4. La victime est recevable à demander au juge administratif, dans les deux mois suivant la notification de la décision ayant rejeté sa réclamation, la condamnation de l'administration à l'indemniser de tout dommage ayant résulté de ce fait générateur, y compris en invoquant des chefs de préjudice qui n'étaient pas mentionnés dans sa réclamation. Si, une fois expiré ce délai de deux mois, la victime saisit le juge d'une demande indemnitaire portant sur la réparation de dommages causés par le même fait générateur, cette demande est tardive et, par suite, irrecevable. Il en va ainsi alors même que ce recours indemnitaire indiquerait pour la première fois les chefs de préjudice auxquels se rattachent les dommages, ou invoquerait d'autres chefs de préjudice, ou aurait été précédé d'une nouvelle décision administrative de rejet à la suite d'une nouvelle réclamation portant sur les conséquences de ce même fait générateur.
5. Il n'est fait exception à ces règles que dans le cas où la victime demande réparation de dommages qui, tout en étant causés par le même fait générateur, sont nés, ou se sont aggravés, ou ont été révélés dans toute leur ampleur postérieurement à la décision administrative ayant rejeté sa réclamation. Dans ce cas, qu'il s'agisse de dommages relevant de chefs de préjudice figurant déjà dans cette réclamation ou de dommages relevant de chefs de préjudice nouveaux, la victime peut saisir l'administration d'une nouvelle réclamation portant sur ces nouveaux éléments et, en cas de refus, introduire un recours indemnitaire dans les deux mois suivant la notification de ce refus. Dans ce même cas, la victime peut également, si le juge administratif est déjà saisi par elle du litige indemnitaire né du refus opposé à sa réclamation, ne pas saisir l'administration d'une nouvelle réclamation et invoquer directement l'existence de ces nouveaux éléments devant le juge administratif saisi du litige en premier ressort afin que, sous réserve le cas échéant des règles qui gouvernent la recevabilité des demandes fondées sur une cause juridique nouvelle,
il y statue par la même décision. La victime peut faire de même devant le juge d'appel, dans la limite toutefois du montant total de l'indemnité chiffrée en première instance, augmentée le cas échéant de l'indemnité demandée au titre des dommages qui sont nés, ou se sont aggravés, ou ont été révélés dans toute leur ampleur postérieurement au jugement de première instance.

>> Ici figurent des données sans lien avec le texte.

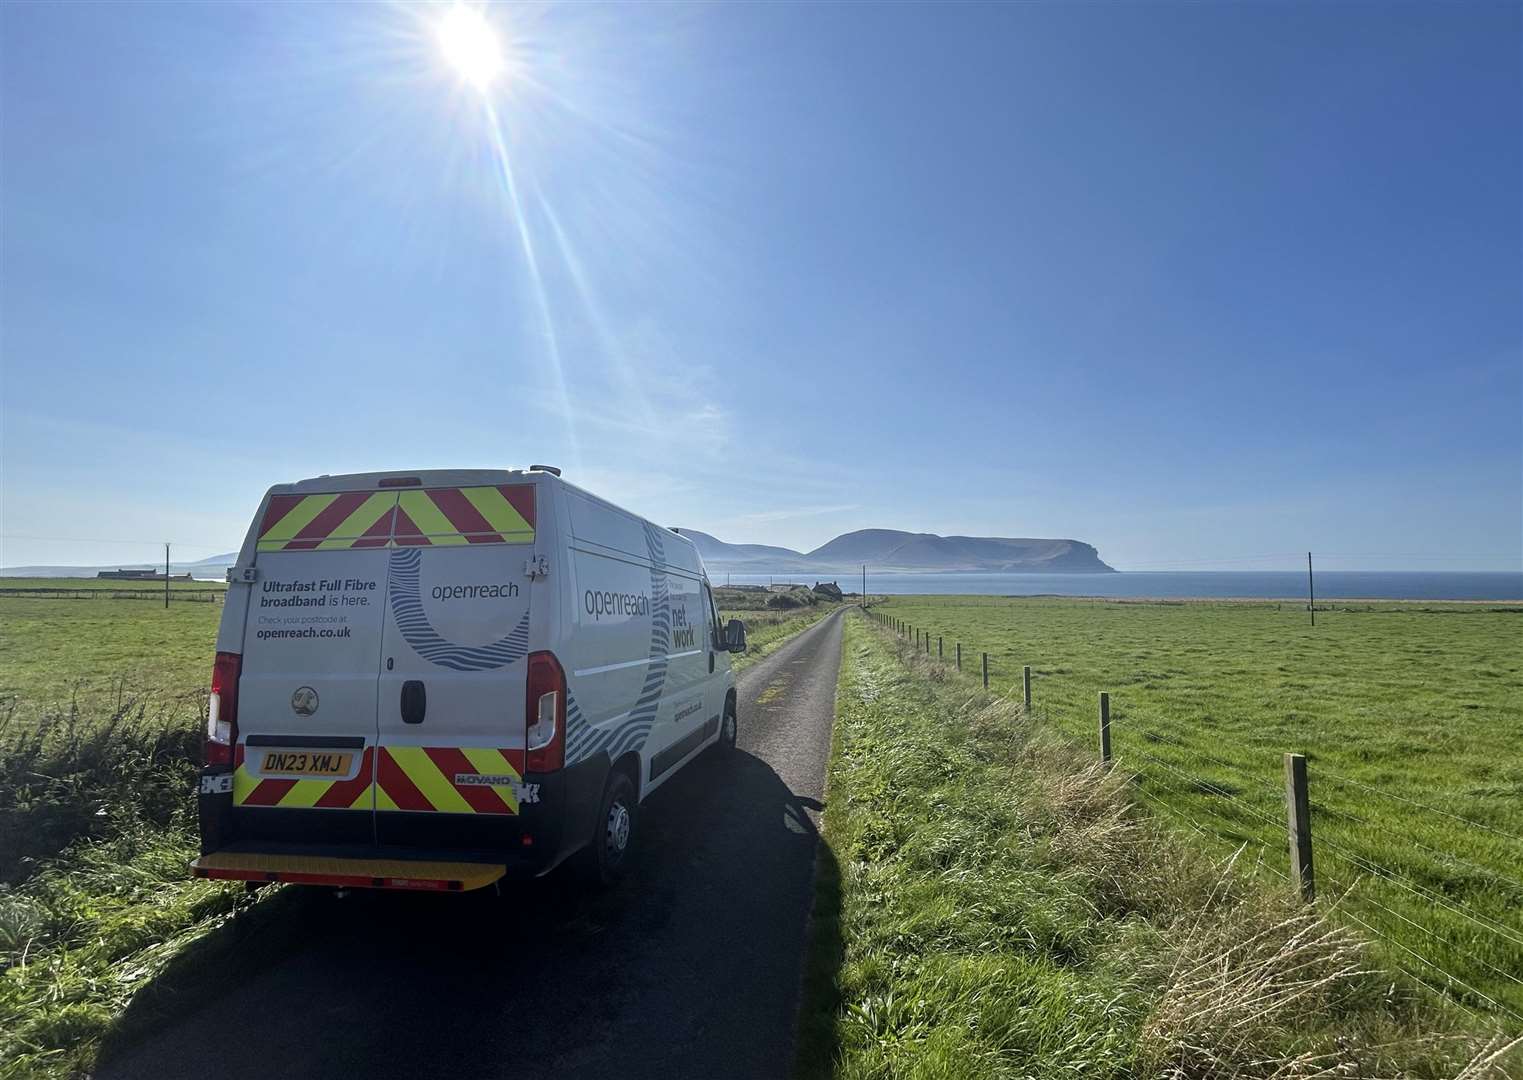 Some 3300 households and businesses in the Highlands can now connect to better broadband speeds through the R100 programme.

6. Le GCU, qui sollicitait initialement la somme de 14 320 euros en réparation d'un préjudice moral et des frais déboursés pour la remise en état des emplacements de camping rendus indisponibles a, par un mémoire enregistré le 14 février 2023, demandé au tribunal administratif la réparation de la perte d'exploitation liée à l'indisponibilité de certains emplacements de camping, pour une somme totale de 18 372 euros. Ce chef de préjudice, qui ressort notamment du rapport d'expertise remis le 27 décembre 2022 et qui a pu être révélé dans toute son ampleur grâce à cette expertise, se rattache au même fait générateur que celui invoqué dans la demande indemnitaire préalable.
7. Par ailleurs, la seule circonstance qu'un rapport d'expertise, à l'initiative de l'expert, se prononce sur des questions excédant le champ de l'expertise ordonnée par la juridiction, n'est pas, par elle-même, de nature à entacher cette expertise d'irrégularité. Elle ne fait pas obstacle à ce que, s'ils ont été soumis au débat contradictoire en cours d'instance, les éléments de l'expertise par lesquels l'expert se prononce au-delà des termes de sa mission soient régulièrement pris en compte par le juge, soit lorsqu'ils ont le caractère d'éléments de pur fait non contestés par les parties, soit à titre d'éléments d'information dès lors qu'ils ne sont pas infirmés par d'autres éléments versés au dossier dans le cadre de l'instruction du litige.
(CE, 29 juin 2020, Assistance publique des Hôpitaux de Marseille et autres, n° 420850).
8. Il résulte de ce qui précède que le GCU était recevable à invoquer, en cours d'instance, un chef de préjudice révélé dans toute son ampleur par l'expertise du
27 décembre 2022, sans que la circonstance que l'experte ait dépassé les termes de sa mission en dégageant ce préjudice n'ait d'incidence sur la prise en compte de son rapport par les premiers juges. Par suite, la commune de Bormes-les-Mimosas n'est pas fondée à soutenir que le tribunal administratif de Toulon aurait statué ultra petita en octroyant une indemnité au titre du préjudice de perte d'exploitation.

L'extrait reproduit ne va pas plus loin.